Matteo Marangoni & Dieter Vandoren
Komorebi
Komorebi (2022) is a swarm of artificial creatures that make music in response to the sun, the clouds, and the shadows of trees moving in the wind. Komorebi is a Japanese word meaning “sunlight shining through trees.” We are invited to experience the shadow play produced by the tree canopy on the forest floor as music. The work suggests that “life” is not an exceptional property of organic life forms, but also a property of complex systems reaching beyond biological life as we understand it.
Komorebi was commissioned by Into the Great Wide Open and produced in partnership with Crossing Parallels and Highlight Festival (TU Delft) with the financial support of the Creative Industries Fund NL and Stichting Stokroos.
Naama Tsabar Untitled (Without) variation 1 & Ruptures (Opus 1)
From a distance, Naama Tsabar’s flag Untitled (Without) is a long piece of fabric with a rectangular cut-out. Where we expect to see a flag, we instead see empty space. With closer inspection, the flag is made of white strips of fabric that are sewn together with coloured stitches. The colours derive from the LGBTQIA+ Progress Pride Flag, an updated version of the iconic LGBT Rainbow Flag. Untitled (Without) suggests that perhaps identity is far more subtle than the bold symbols and objects that attempt to represent us. Tsabar’s installation includes a sonic work titled Ruptures (Opus 1), a live recording of Fielded, Rose Blanshei, and Wolf Weston singing, sighing, groaning, and breathing. Ruptures (Opus 1) explores the female musical voice as a “historically expressive anomaly, a place where a disruption of the patriarchal order happens under the cover of beauty and melody.”
Both works were presented in combination at Ballroom Marfa, Texas, in 2020.
Naomi Rincón Gallardo Sonnet of Vermin & The Vermin’s Radio
In Sonnet of Vermin (2022), a legion of unwanted creatures related to the Mesoamerican underworld attempt to syntonise with each other and the dead in the midst of a planetary cataclysm. They seek for a subaltern solidarity and queer relationality as a form of re-existence within the ruins. Sonnet of Vermin was presented at the Mexican pavilion of the Venice Biennale in 2022. In The Vermin’s Radio (2023) created during her residency at iii, The Hague in 2023 the characters of Sonnet of Vermin are further explored as interactive wearable sculptures populating the exhibition space.
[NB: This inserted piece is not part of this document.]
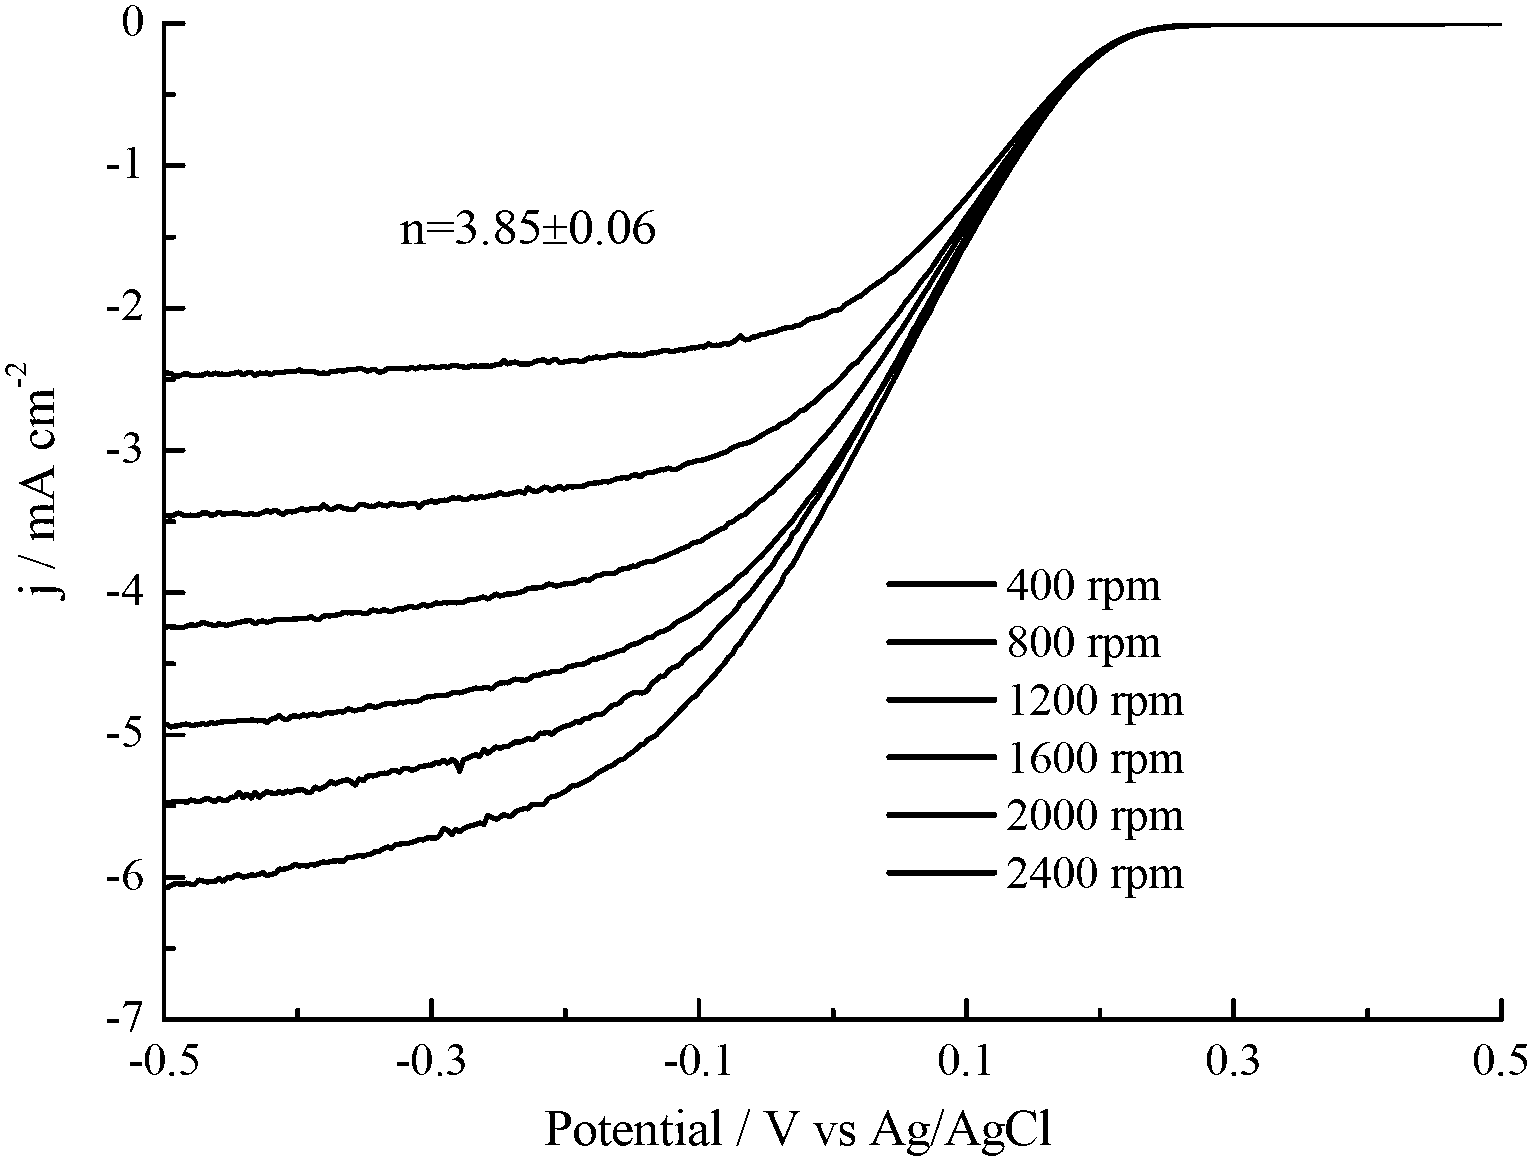 N-doped graphene preparation method and application of N-doped graphene

Vica Pacheco Mitote & Ollin
Vica Pacheco seeks to create a dialogue between animism, ritual, and technology in her series of works Animacy. Revolving around the whistling vessel, a hydraulic sound instrument that existed in pre-Columbian times throughout Mesoamerica, the series presents a symbiosis between two types of technology: one contemporary, electronic and digital; and the other pre-Columbian, made of mud, fire, air, and water. A collection of ceramic instruments which the artist produced at EKWC form the basis for two new works: the kinetic installation Mitote (2023) and the dance performance Ollin (2023) created with Siet Raeymaekers, Francesca Mariano, and Fernanda Soberón.
Mitote and Ollin are commissioned by iii in collaboration with Rewire, Amare, Overtoon, STUK, and iMal.
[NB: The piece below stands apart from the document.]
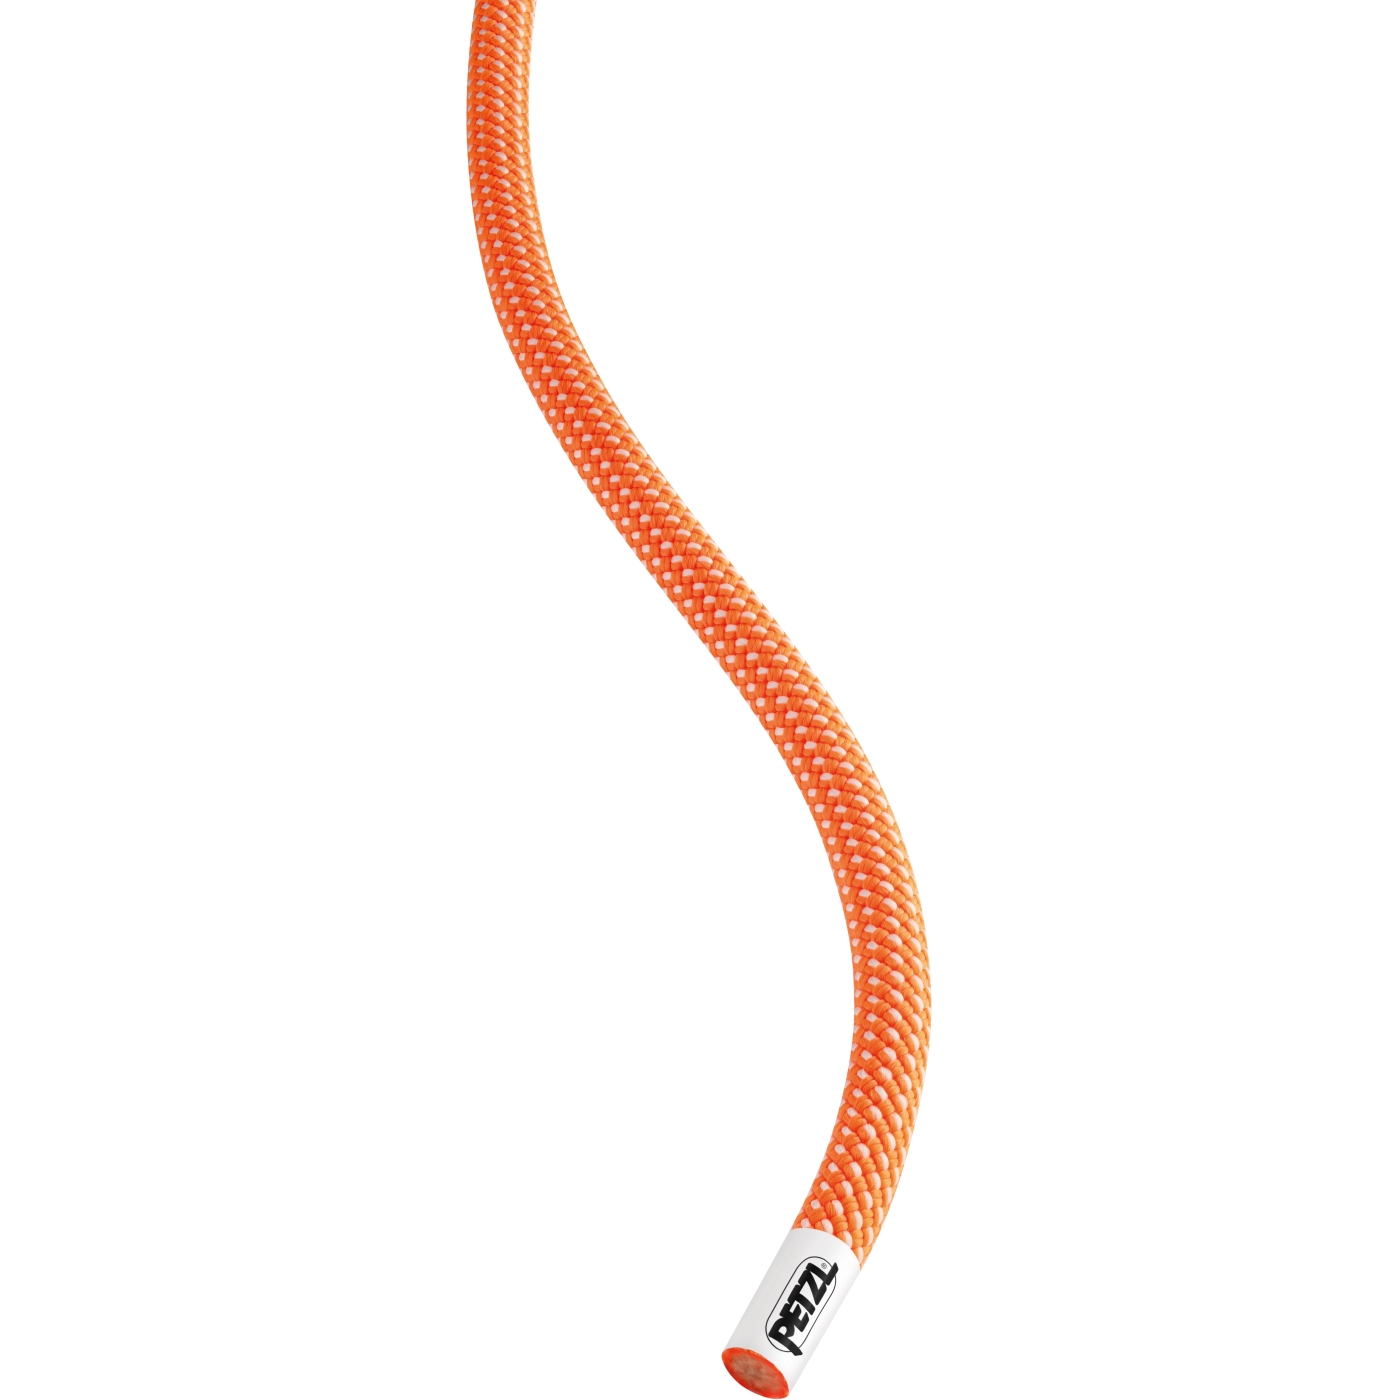 Produktbild von Petzl Volta 9.2mm Seil - 80m - orange

Vivian Caccuri & Thiago Lanis Fantasma Boca (Mouth Ghost)
Fantasma Boca (Mouth Ghost) (2023) is a sound performance where Brazilian artists Vivian Caccuri and Thiago Lanis recreate the soundscape of a tropical forest. Sounds are recreated one by one and birds, insects, water, air, and other beings are simulated by the performers using their lips and mouths only.
Mouth Ghost (Fantasma Boca) is commissioned by iii, The Hague in collaboration with Rewire and Novas Frequências.
The visit of Vivian Caccuri and Thiago Lanis is made possible by the International Visitors Programme of Nieuwe Instituut with support from the Netherlands Ministry of Foreign Affairs.